WORK TASK → What you return should be only the lines in the entries below between the one holding "2.4G Wireless Mouse" and the one holding "Distorted Motocycle Leather", ends included, with every picture left out.

RECORDS SUPPLIED Start Marker

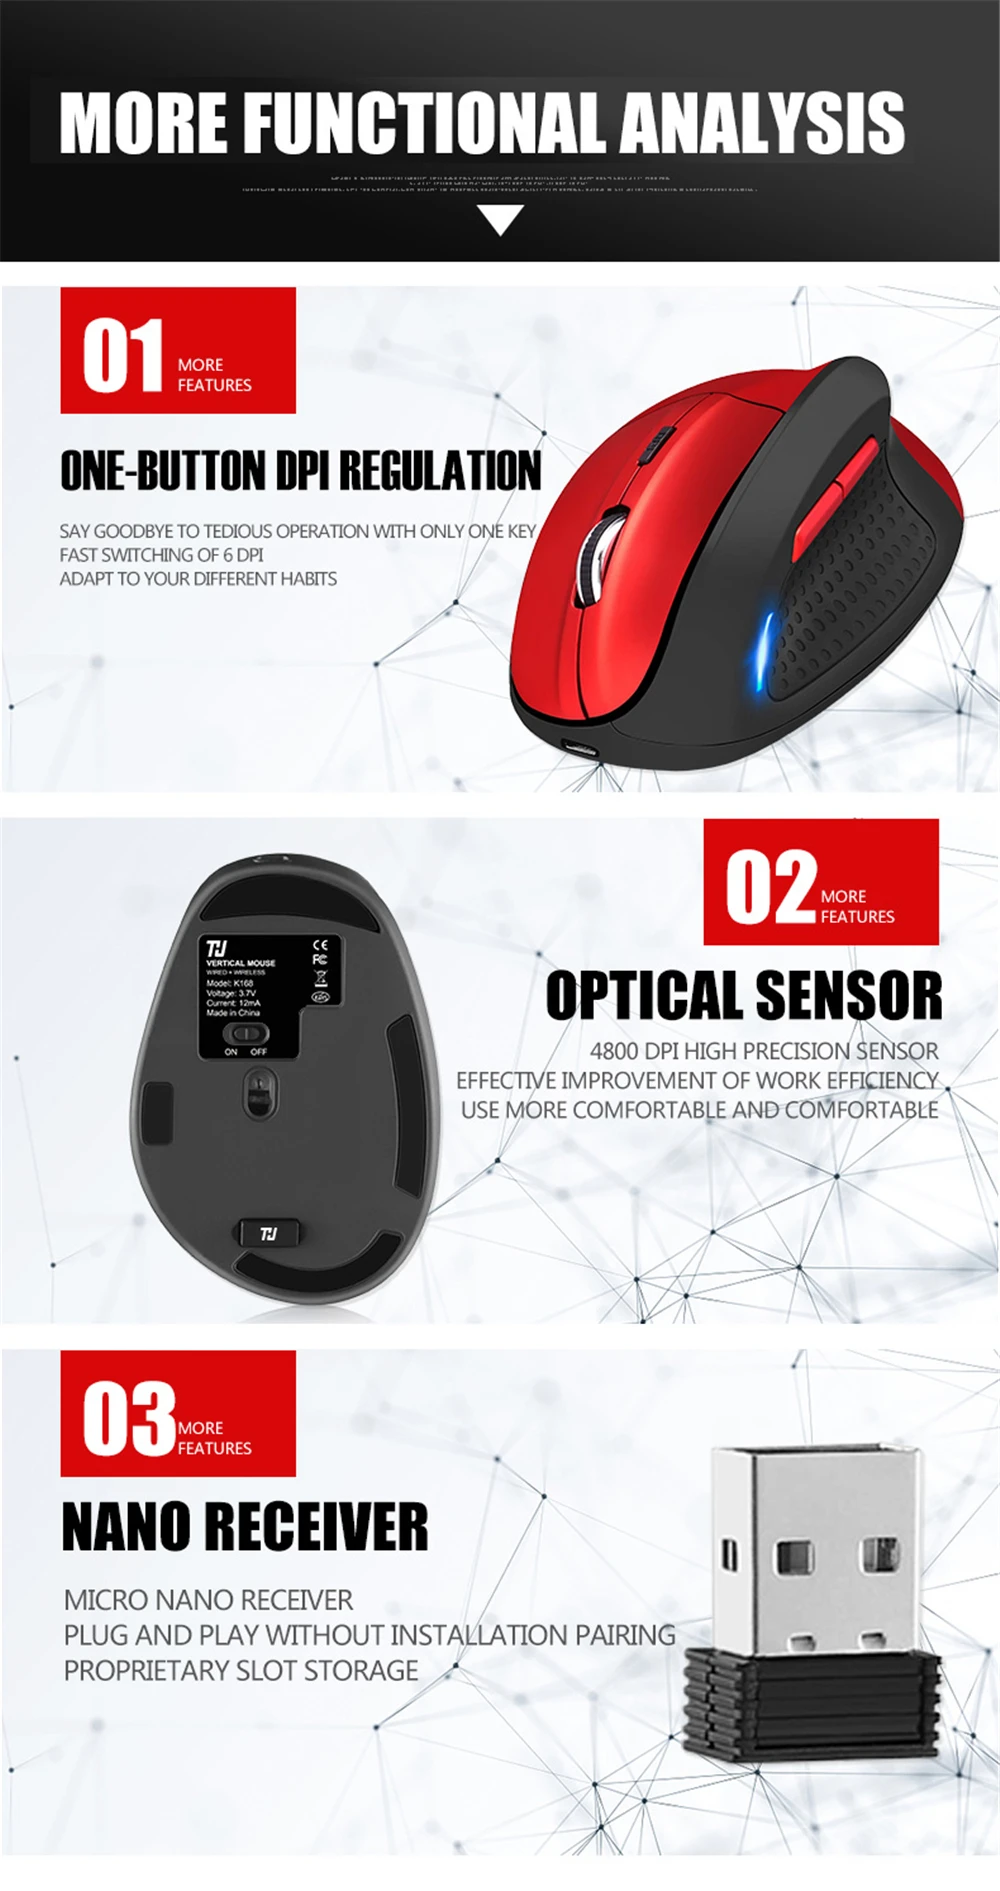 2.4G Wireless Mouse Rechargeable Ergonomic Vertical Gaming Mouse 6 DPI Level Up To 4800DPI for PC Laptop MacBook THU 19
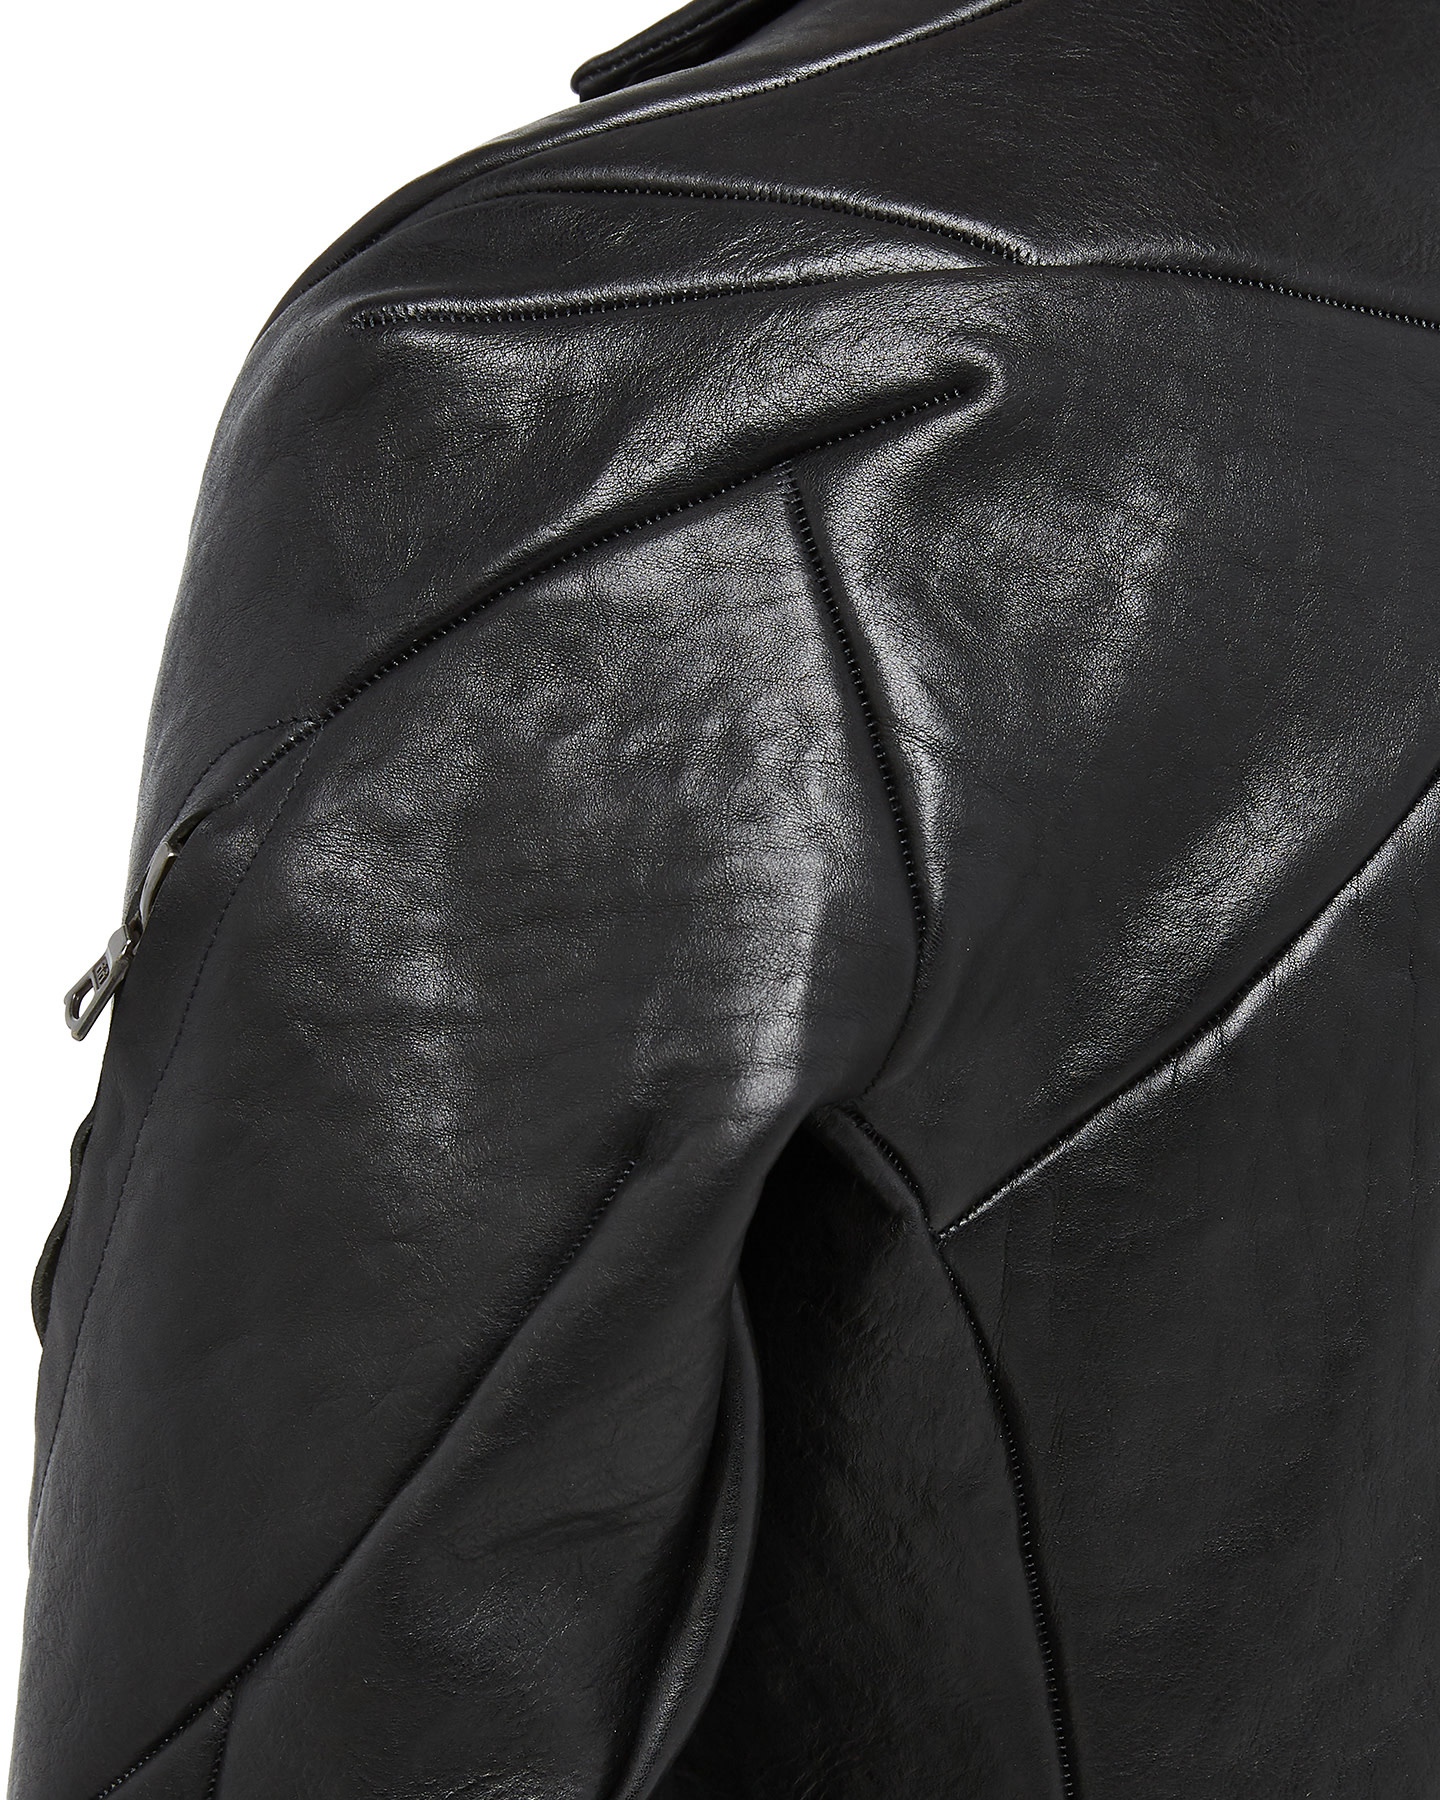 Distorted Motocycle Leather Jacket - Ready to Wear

RECORDS SUPPLIED End Marker
RECORDS SUPPLIED Start Marker

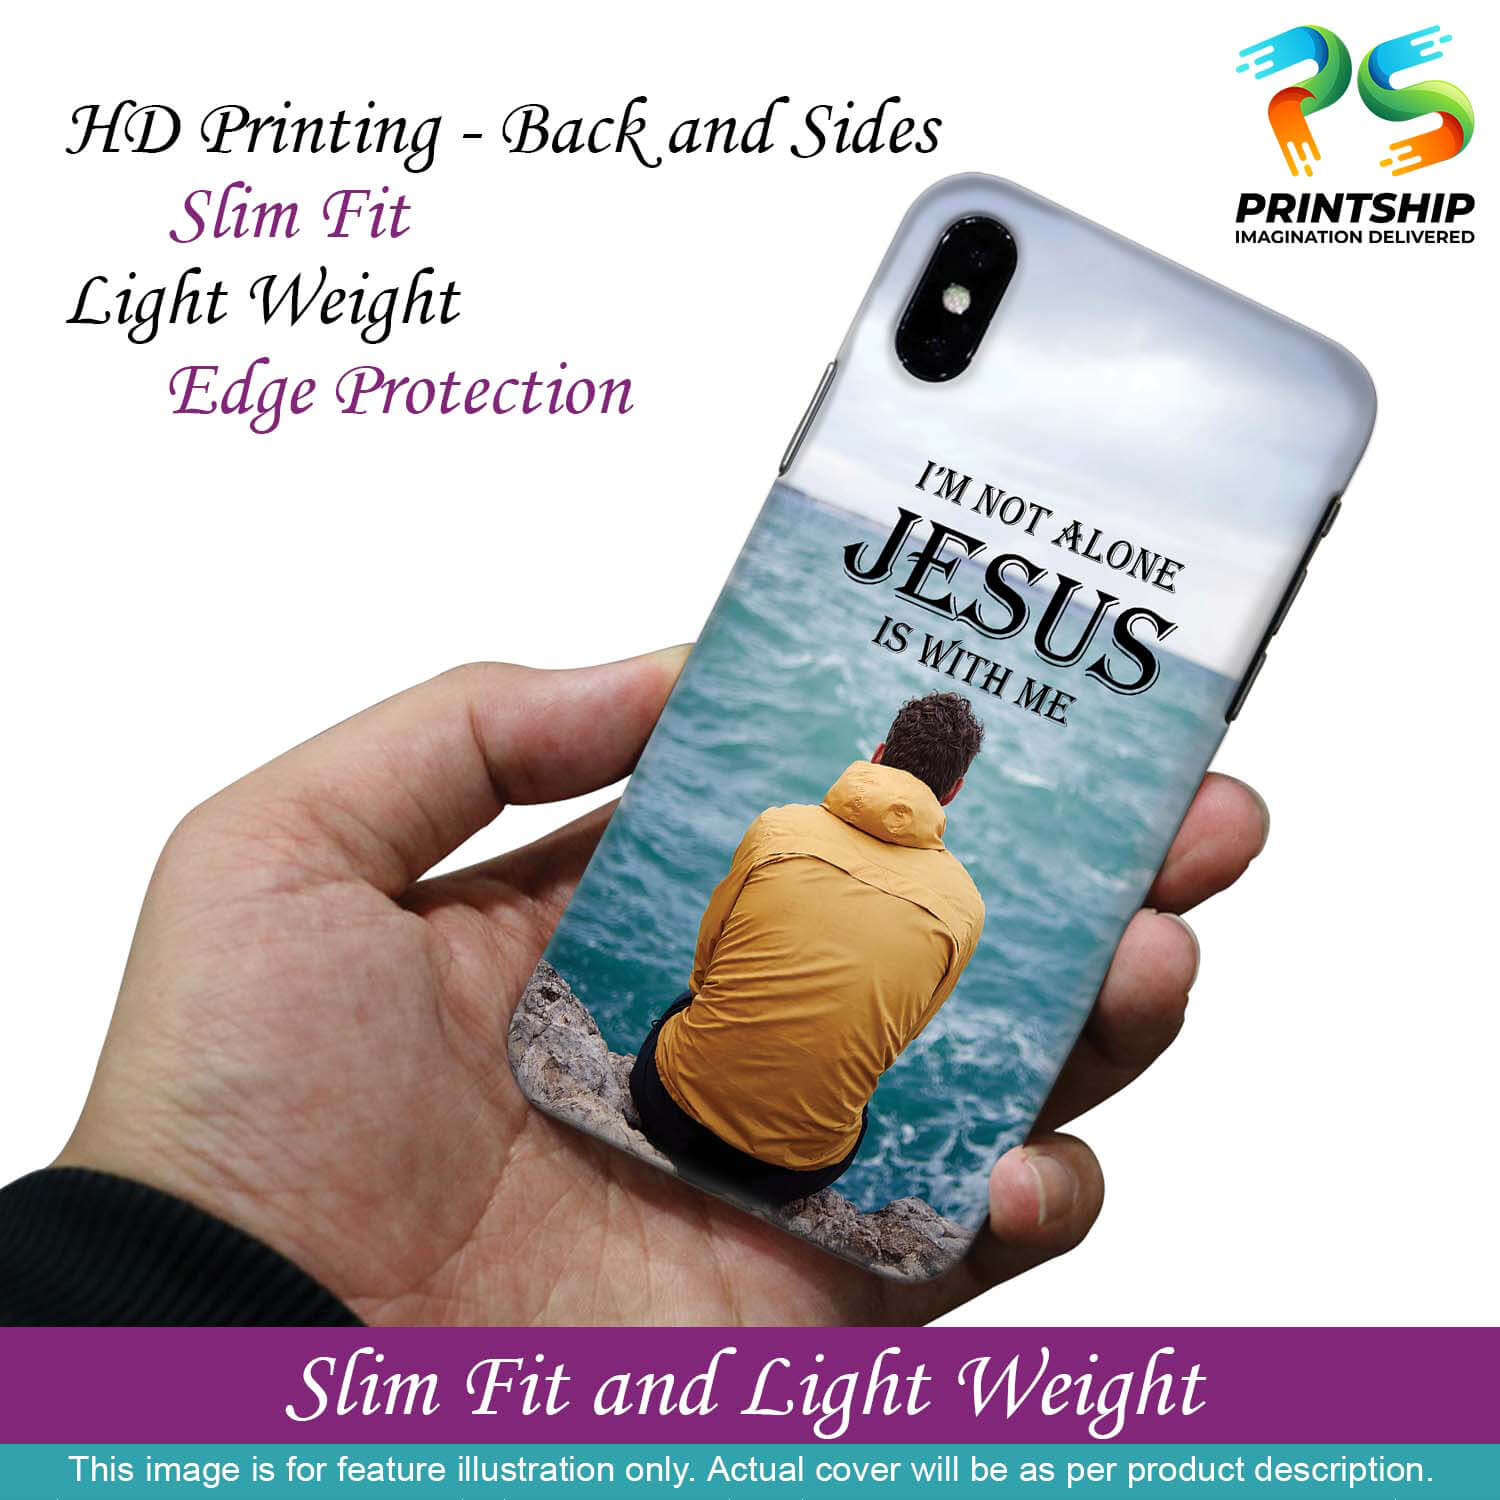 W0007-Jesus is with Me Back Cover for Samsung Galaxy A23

RECORDS SUPPLIED End Marker

FINISHED EXERCISE →
 2.4G Wireless Mouse Rechargeable Ergonomic Vertical Gaming Mouse 6 DPI Level Up To 4800DPI for PC Laptop MacBook THU 19
 Distorted Motocycle Leather Jacket - Ready to Wear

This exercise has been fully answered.